His Excellency President Dr William Samoei Ruto presided over the launch of the Administration of Justice in Kenya Annual Report 2021/22, an inaugural report of the National Council on the Administration of Justice (NCAJ).
The President said the efficacy of our justice sector – whether and how we uphold the rule of law and administration of justice – is key to the performance of the institutions of our political economy. He said public confidence has risen steadily, with more and more Kenyans seeking to access justice and majority expressing satisfaction in the services provided.
“Since the establishment of the NCAJ more than 11 years ago, it has been gratifying to witness its steady growth and maturation of constituent organisations.” President Ruto said.
He explained that the impressive transformation of the sector is by no means inadvertent adding that it is rather, the outcome of effective coordination of relevant actors on a consistent basis. He said this successful model holds important lessons for other sectors in effective approaches to coordinating diverse actors to achieve far-reaching sectoral reform.
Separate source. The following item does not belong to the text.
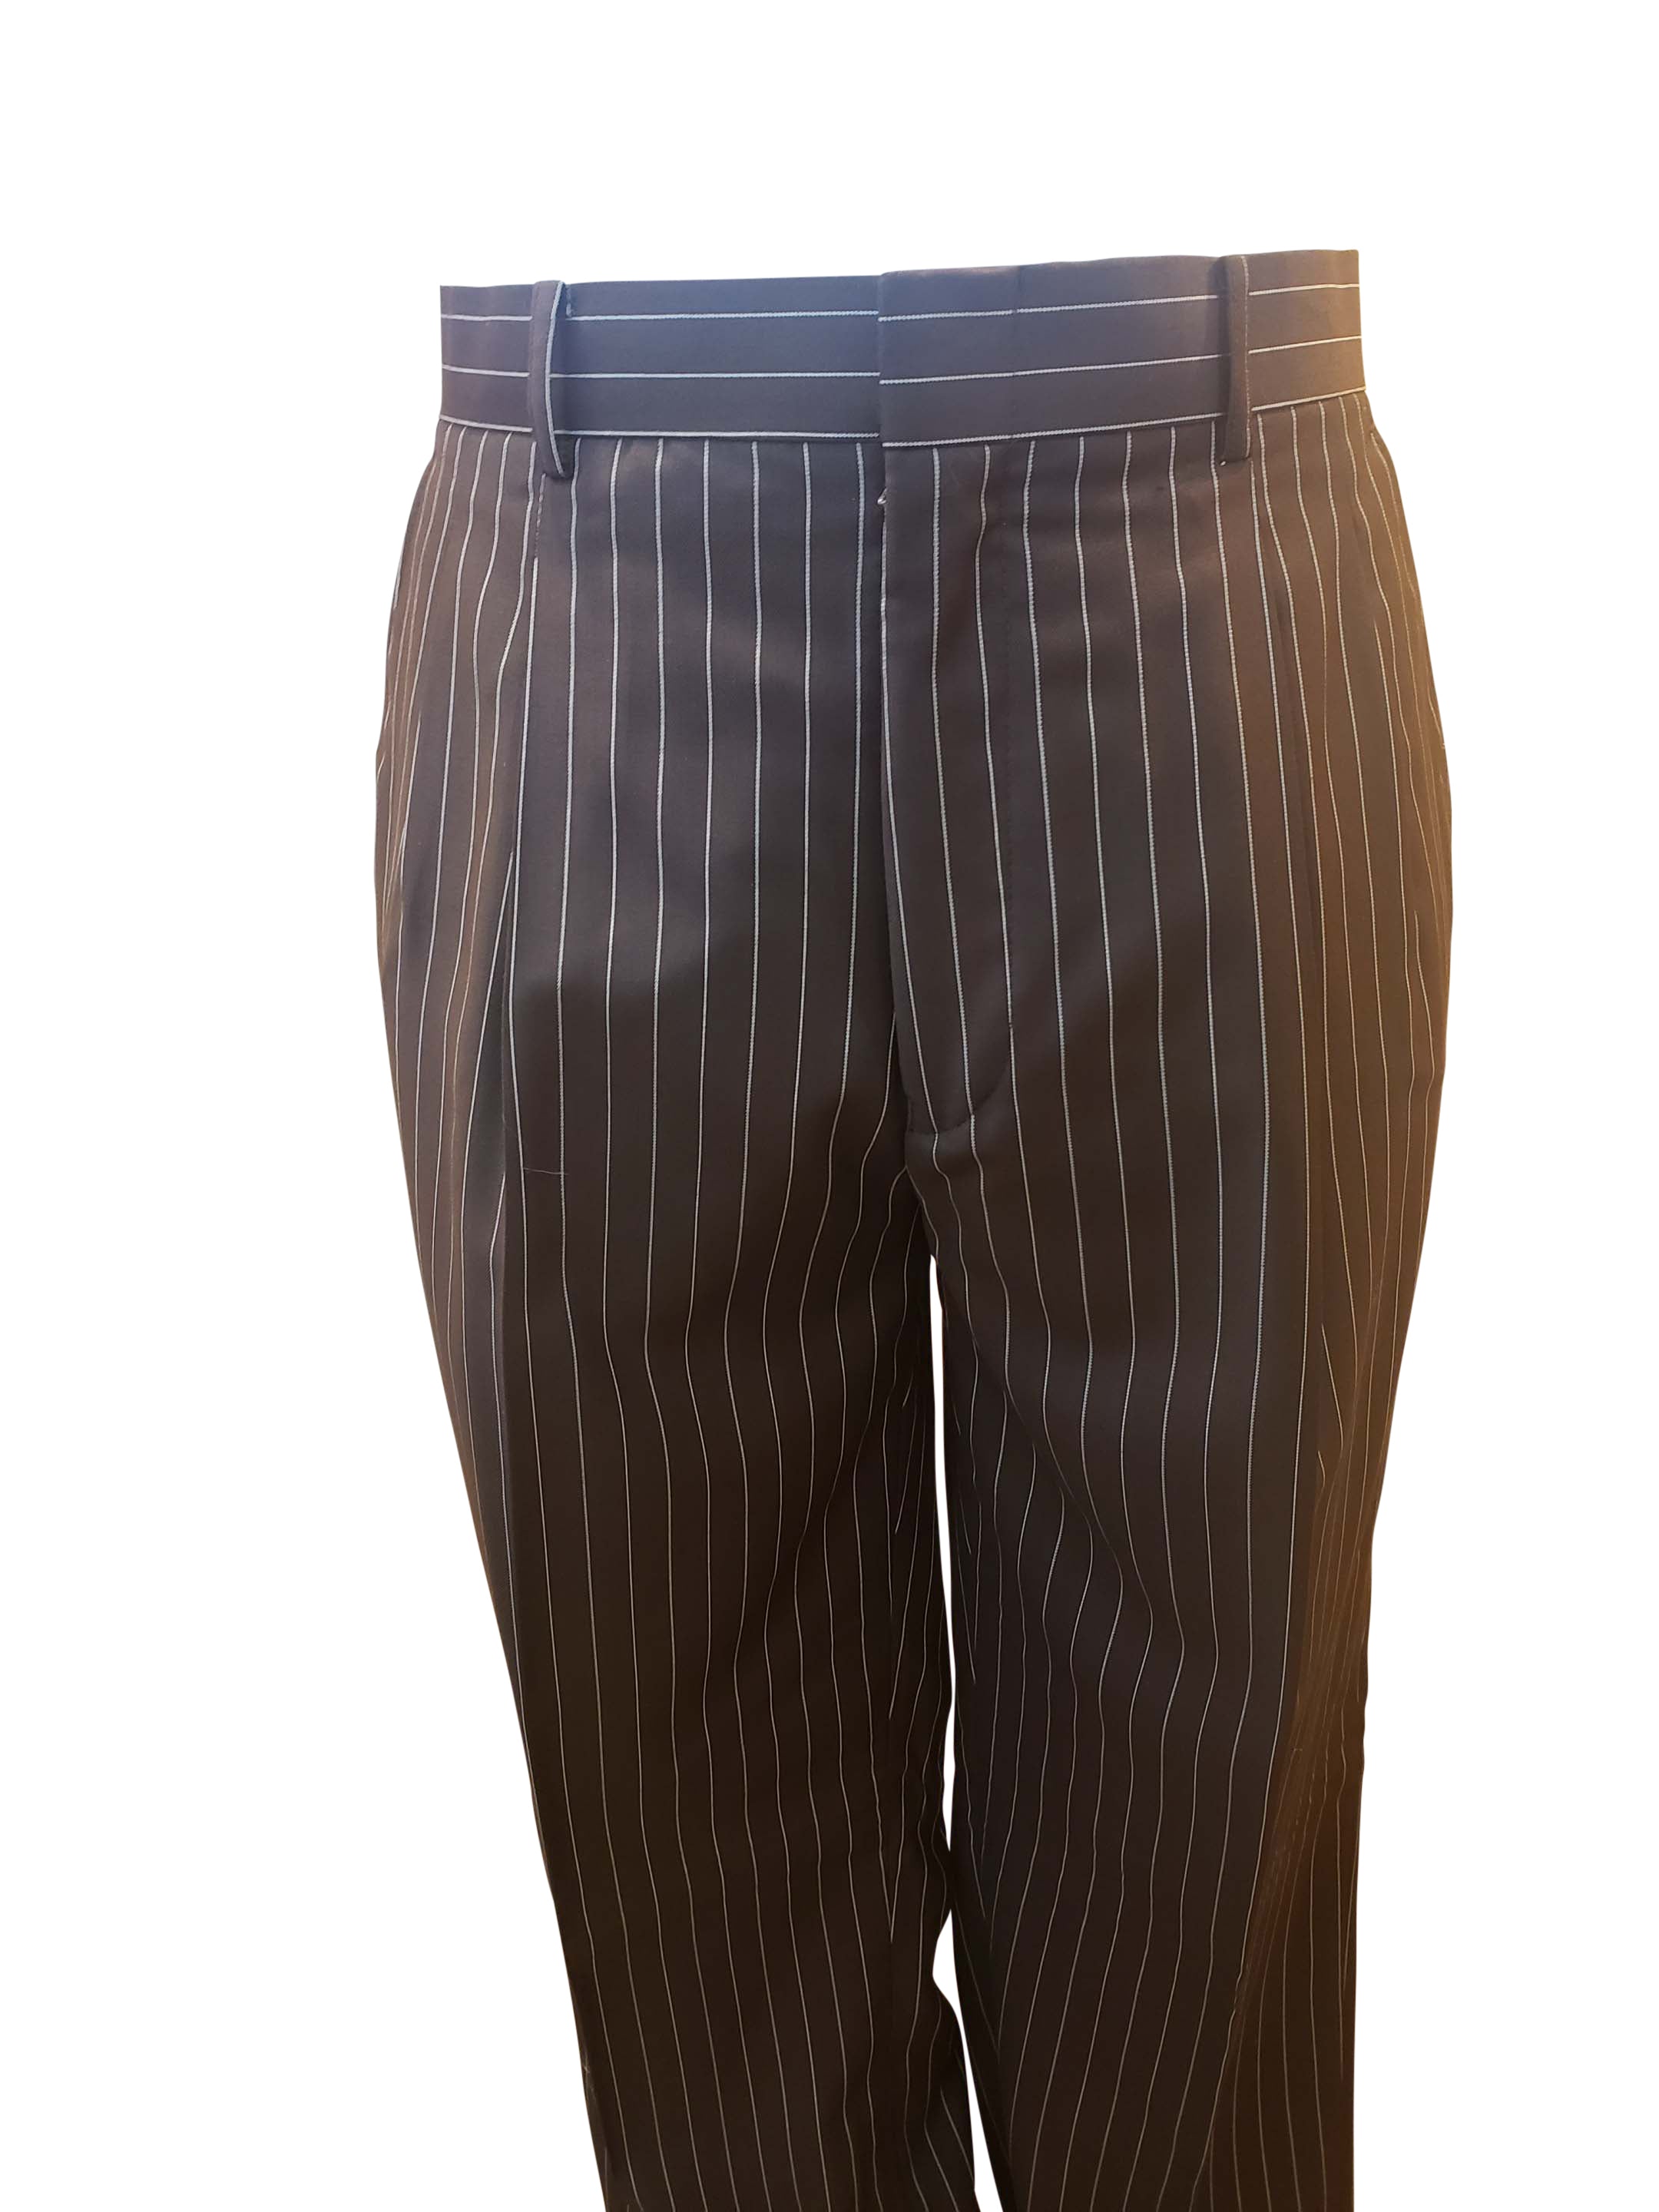 Vinci Pinstripe suit

Saying that it is time to also enhance criminal justice system reforms the President said that apart from credible and expeditious due process, criminal justice must evolve to catch up with best practices and respond to the common sense of basic fairness.
President Ruto added that the NCAJ’s strategic emphasis on the enhancement of access to justice by vulnerable groups is commendable.
“Every endeavour to advance the interests of children guarantees a strong future for our nation. Our children, therefore, matter and the NCAJ’s efforts are especially commendable.” The President said.
President Ruto commended the NCAJ model of grassroots service delivery – the CUC saying CUCs are focal points in a democratised, bottom-up justice system reform process.
Chief Justice Martha Koome said since its inception in 2011, the NCAJ has provided a platform for actors in the justice sector to design responses to the challenges within the justice sector. This has seen a proliferation of policies, guidelines, and manuals.
She said the report presents an account of the programmes and activities of the NCAJ and its Agencies, identifies challenges, recognises opportunities and makes recommendations for ensuring access to justice for the people of Kenya.
“The success achieved in the period is attributable to the collaborative and consultative approach adopted by actors within the justice sector, which has contributed to the more efficient and effective delivery of justice,” the CJ said.
She added: “At the heart of NCAJ lies the Court User Committees (CUCs). This novel approach is now increasingly recognised at the regional and international levels as a best practice in the Administration of Justice.”
The CJ said at the grassroots level, CUCs were instrumental in unlocking barriers to the administration of justice. Most of them devised very effective case clearance innovations enhancing the overall performance of our justice system.